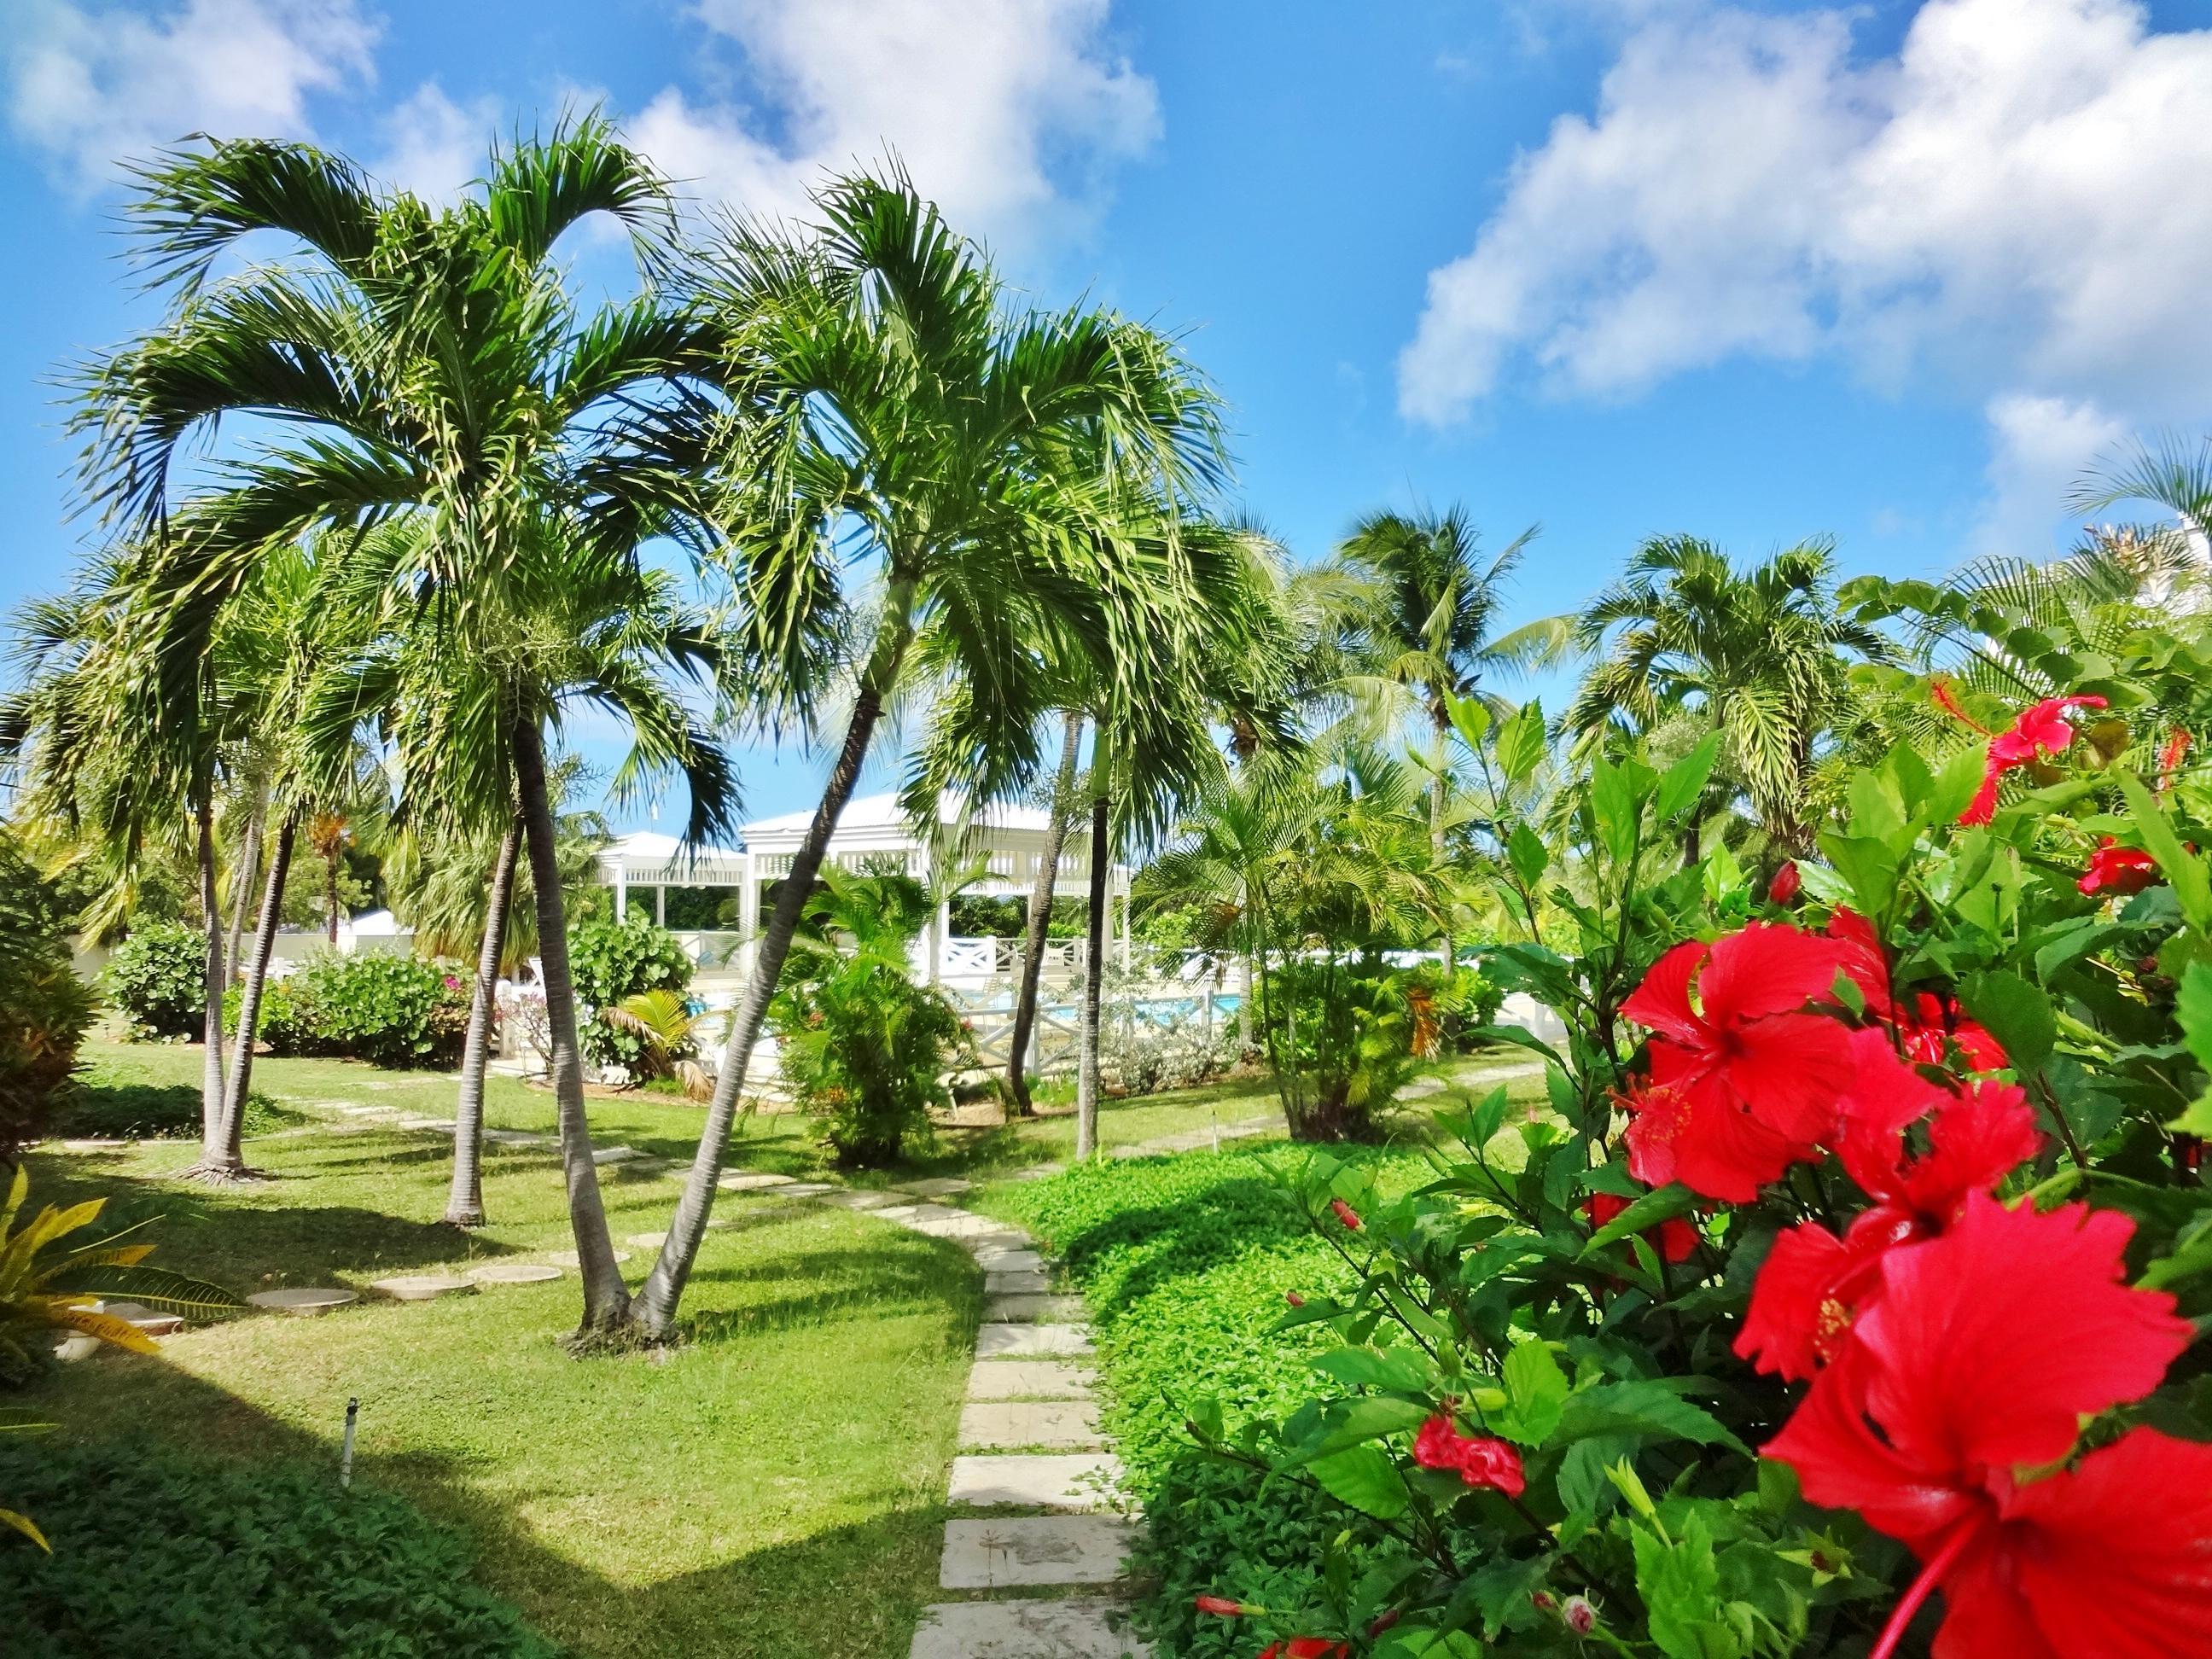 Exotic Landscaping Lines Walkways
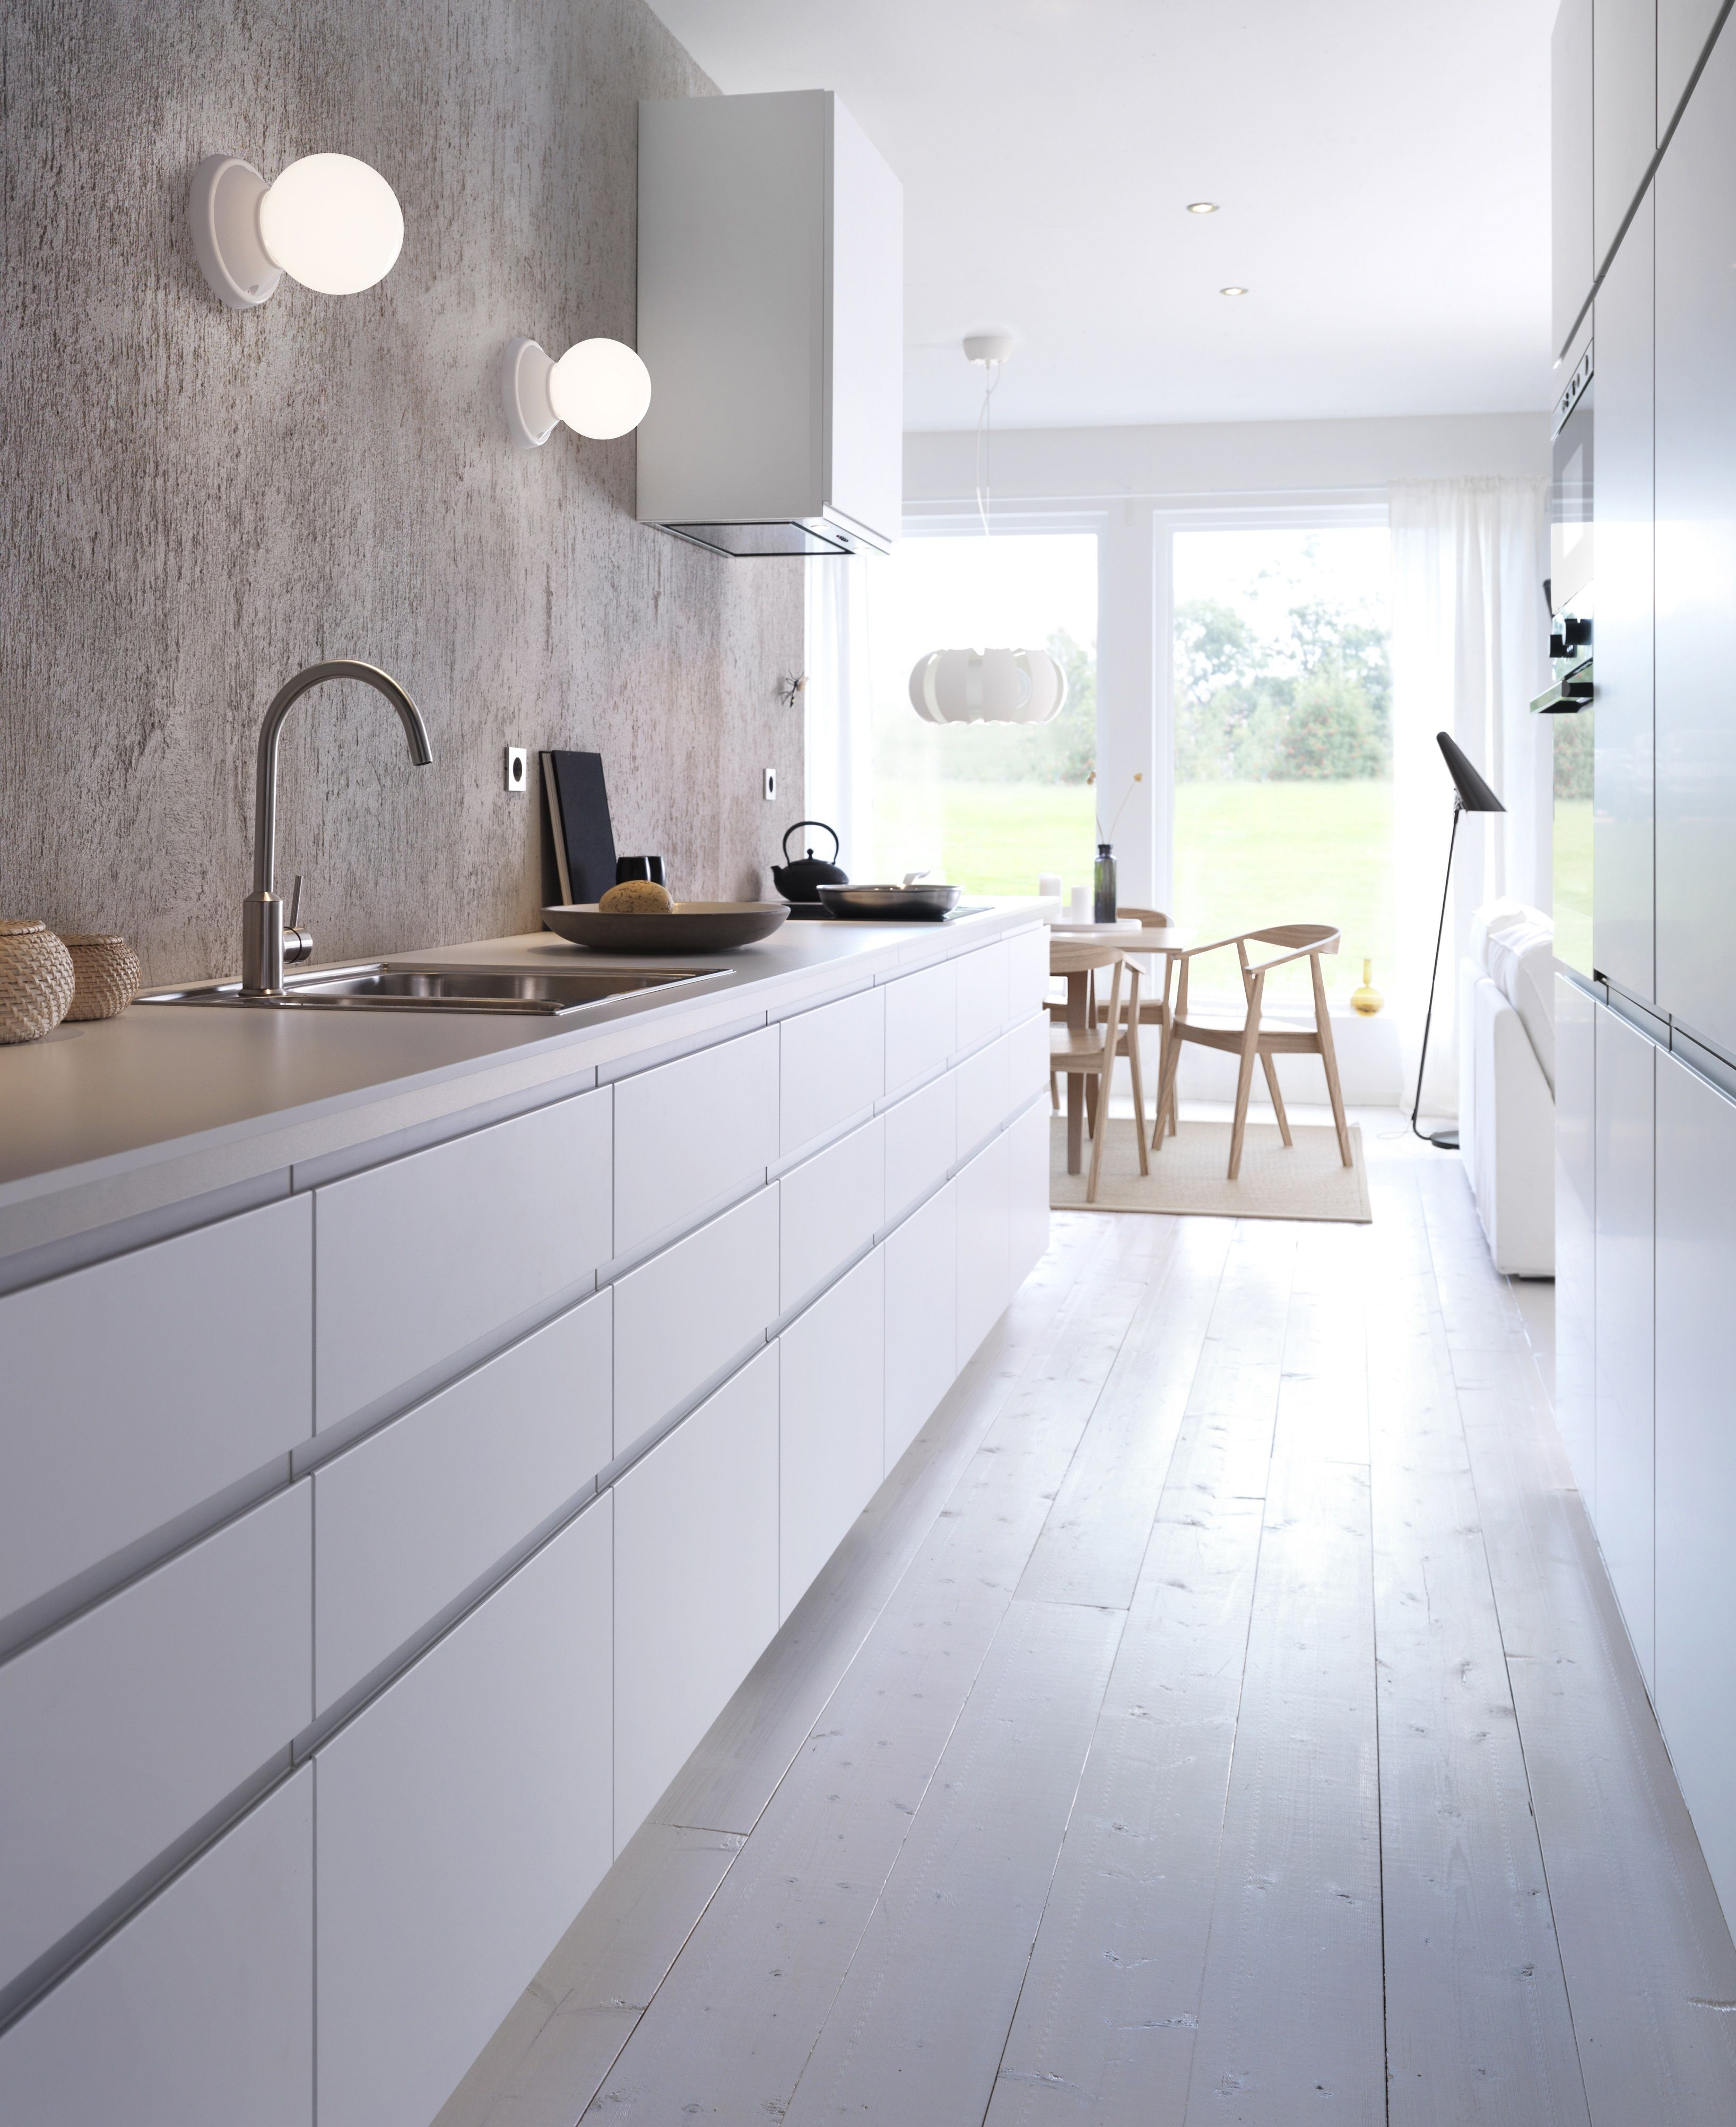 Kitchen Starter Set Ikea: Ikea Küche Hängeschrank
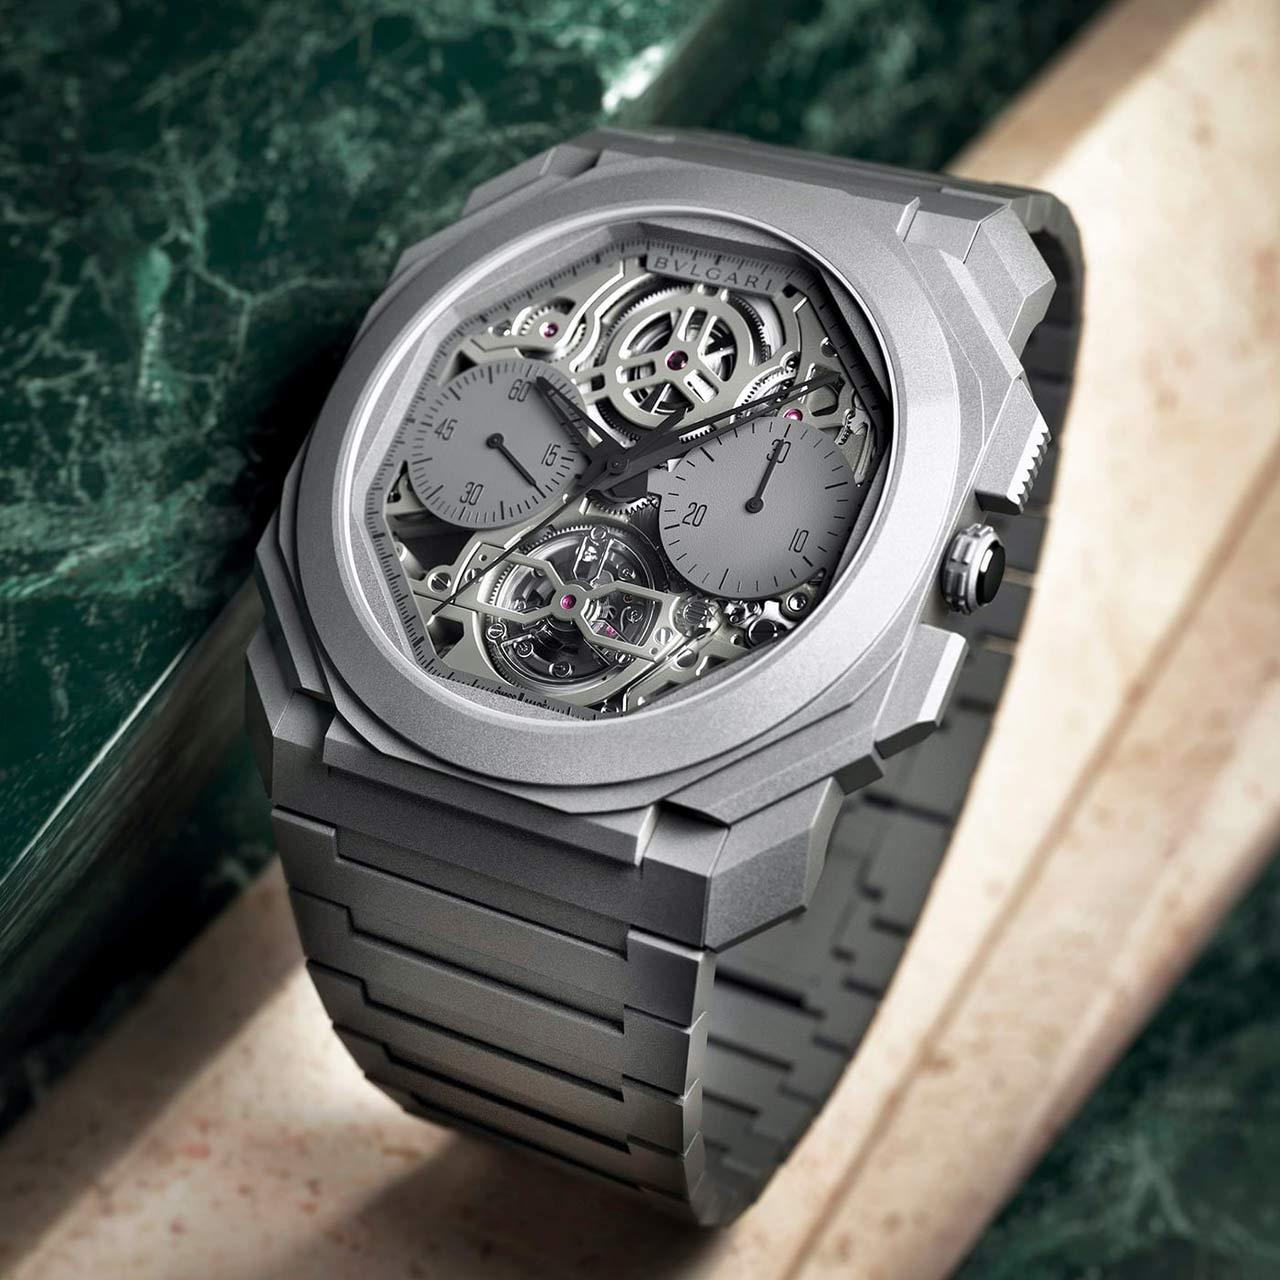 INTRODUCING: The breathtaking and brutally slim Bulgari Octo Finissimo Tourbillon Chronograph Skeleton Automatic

::::

Work required: Give back the data exactly. Pictures stay out.

Your response:
 Exotic Landscaping Lines Walkways
 Kitchen Starter Set Ikea: Ikea Küche Hängeschrank
 INTRODUCING: The breathtaking and brutally slim Bulgari Octo Finissimo Tourbillon Chronograph Skeleton Automatic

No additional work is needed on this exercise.